Litigation is the State-sponsored method of disputes resolution, which is every citizen's right. It involves trial in pubic by judges drawn exclusively from the legal profession. Trials are conducted in accordance with a voluminous set of rules, known in England and Wales for instance as the Civil Procedure. Unless appearing as a litigant in person, which is generally not recommended, a party needs to be represented in court by a barrister and a solicitor, which contributes to the cost. A failure to defend an action in court usually results in the Claimant obtaining judgement in default, whether or not such a result is merited on the facts.
Arbitration is an alternative to litigation where the parties agree to arbitration. Such agreement to arbitrate any disputes arising usually needs to be in writing, as is the case in England, Wales and Northern Ireland under the Arbitration Act 1996, in Scotland under the Arbitration (Scotland) Act 2010 and in the Republic of Ireland under the Arbitration Act 2010. Such written agreements oust the jurisdiction of the national courts to decide the substantive issues in dispute, although the national courts still retain a supervisory role in respect of procedure and the enforcement of the arbitrator's Award.

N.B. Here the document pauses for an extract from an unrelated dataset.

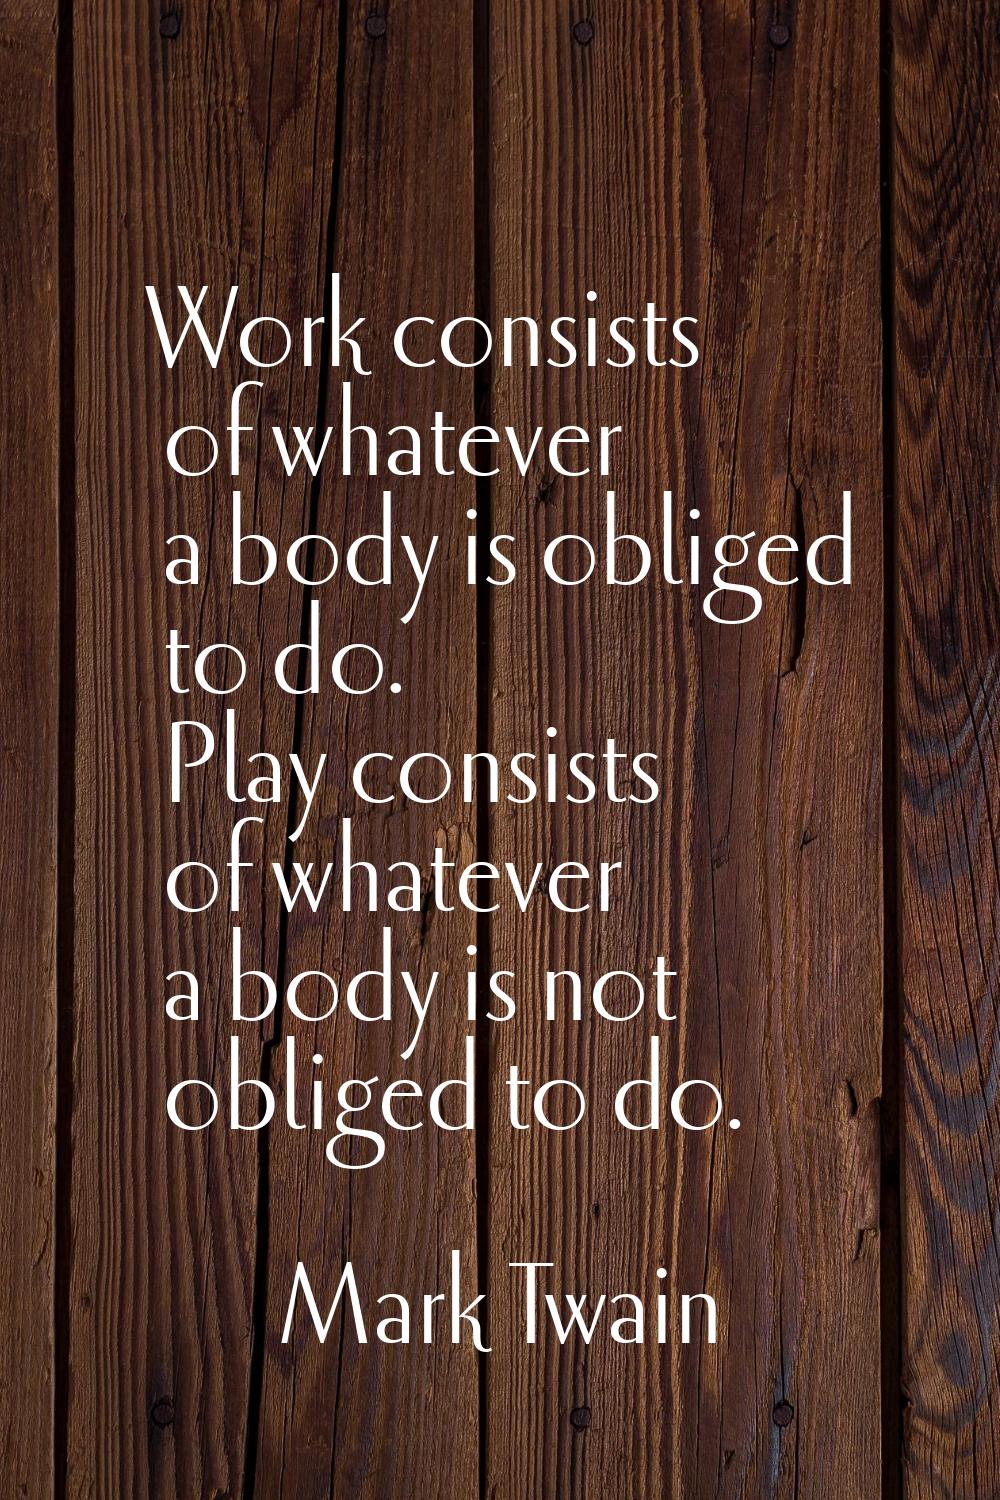 Work consists of whatever a body is obliged to do. Play consists of whatever a body is not obliged

Arbitration differs from litigation in that there is no requirement for parties to employ barristers and solicitors, although they frequently do in high value cases. In arbitration the parties are free to choose their tribunal on the basis of appropriate technical expertise in the subject matter of the dispute, if the parties so desire, and can agree the composition of the tribunal. Arbitration proceedings are held in private, which many participants see as a benefit over the publicity that litigation sometimes attracts. Also, within the usually limited procedural constraints of national Arbitration Acts, the parties and the tribunal are generally at liberty to adopt bespoke procedures that best meet the needs of their case. Arbitration also has the potential to be quicker and less costly than litigation. However, achieving this rather depends on the pro-activity and diligence of the tribunal, and the avoidance of procedures that merely mimic litigation. In international disputes, arbitration awards have a distinct advantage over national court judgements, in that they are enforceable internationally, at least in theory, if not always in practice, in the national courts of any country that is a signatory to the New York Convention 1958, which currently encompasses virtually all countries of the commercially developed world.